30/56 Some info on exchanges impeding a user’s funds:

6102bitcoin.com/coinjoin-flagg…
31/56 And here:

medium.com/@6102bitcoin/b….
32/56 PayNym is a BIP47 implementation. This gives users a reusable public payment code without revealing any addresses or tx history. Using special encryption techniques, a combined secret key is generated between PayNym users.
33/56 A one-time fee is required to establish the on-chain connection between PayNyms. Once established, PayNyms can transact anonymously as much as they want and only the regular mining fees apply.
34/56 Stonewall is designed to use multiple I/O’s so that there is reasonable doubt as to UTXO ownership. Stonewallx2 tx’s are made between 2 peers. They split the miner fee & both gain anonymity.
35/56 To an outside observer the two tx types are indistinguishable. A Stonewall tx will have minimum 1.584 bits of entropy. A Stonewallx2 tx will have minimum 4.643 bits of entropy. These are akin to miniature CoinJoins.
36/56 Stonewall is the default postmix spending tool. They always have 4 outputs, 1 is the spend, 1 decoy & 2 change outputs are returned to the users wallet. Outside observers cannot know if these tx's were made by an individual or collaborators. These can be sent to anyone.
37/56 Stowaway is used between 2 @SamouraiWallet users, details left on the blockchain make it difficult to determine which UTXO was change & which was payment. Can only be used with the person receiving payment. Users will swap a few QR codes to make the transaction.
38/56 Here is the Stowaway tx on KTCP. 4 inputs, 2 outputs. Inputs 0, 1, & 2 were decoys and confuse the interpretation. 0.00806013 sent, 0.00802 received. 0.00004013 in miner fees.
39/56 PayJoin transactions like Stonewallx2 & Stowaway will soon be available over the Tor/Soroban comms layer, removing the need to manually scan a few QR codes between participants.
40/56 Stop & think. Anonymity achieved during Whirlpool mixes. Toxic change separated. Postmix spend Stonewall by default, minimum 3 interpretations. Collaborate with peer to gain more plausible deniability. Make every spend a CoinJoin.
41/56 Electrum enables a user to interface with a hardware wallet like @COLDCARDWallet. Download/verify. Once Indexer is finished synchronizing, Electrum can be pointed at the Dojo as it's server. I’ll do a separate thread on Electrum.
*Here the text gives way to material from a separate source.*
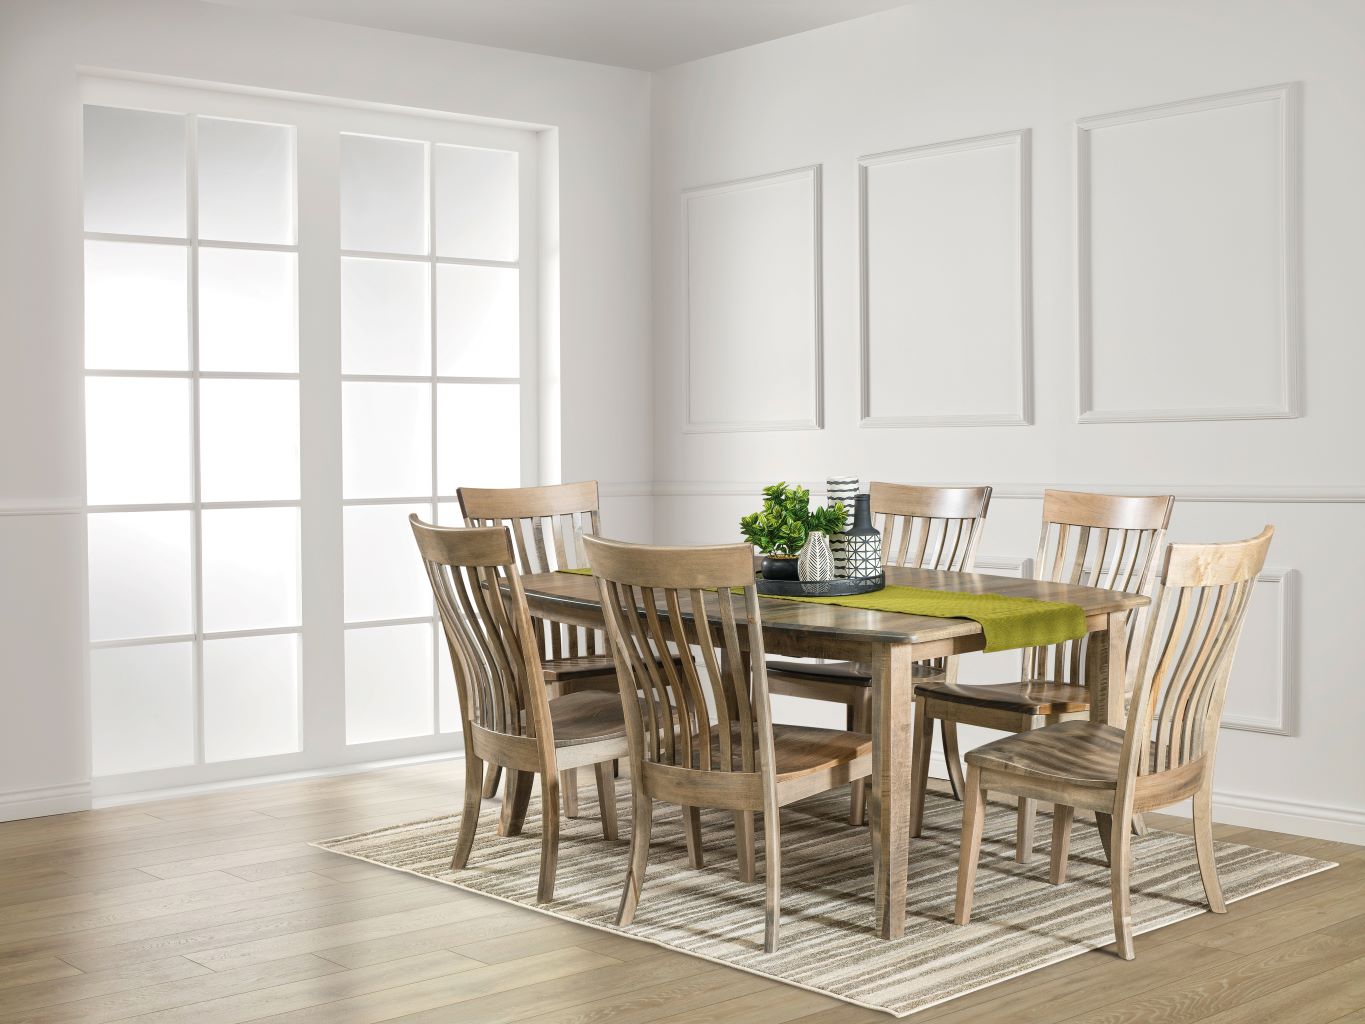 Gallery Dining Collection

wiki.ronindojo.io/en/gui-setup/s…
42/56 Explorer provides a way to use your Dojo to feed data to a full fledged Bitcoin blockchain explorer. Copy onion URL/password from Dojo settings page, paste into Tor Browser, leave username blank, paste password, bookmark page.

wiki.ronindojo.io/en/gui-setup/s…
43/56 OXT & KYCP are are free to use. They provide users with bleeding edge blockchain analysis tools to explore, learn, & verify. No personal information is requested. Simply create a username & password.

oxt.me

kycp.org/#/
44/56 There are many features & tools built into OXT, such as advanced graphs like these of a transaction where the mixed inputs were merged together. There was much activity in this tx, but it accomplishment little in terms of anonymity.
45/56 This is what a Whirlpool tx looks like. No deterministic links. No address reuse. 1,496 different ways this tx can be interpreted.
46/56 @janeygak wrote a detailed article on KYCP here:

medium.com/samourai-walle…
47/56 Stop & think. Explore the blockchain without leaking any personal information. Backed by personal full node. Ability to verify various tx interpretations. Full coin control over high entropy UTXOs. Pocket sized mixer. All from a mobile wallet.
48/56 @SamouraiWallet can sweep private keys too. Great for @OPENDIME users, which I explain in this thread:

49/56 Some notable features: Tor by default, Sentinel watch-only app, Multi-address support, Batch Spending, Scrambled PIN, & Smart Miner Fees. There is too much to list but if you start exploring you'll discover the potential this stack has.
50/56 Everything presented here has been crafted by developers dedicated to censorship resistance & privacy. People have immediate needs for these tools where ever oppressive authorities infringe on individual liberties. People are being arrested, this is not a drill.
51/56 Interested in learning more about the forces acting behind the guise of anti-money laundering in order to strip you of your rights? Check out this thread by @J9Roem & see for yourself why the work of @SamouraiWallet & @RoninDojoUI is important.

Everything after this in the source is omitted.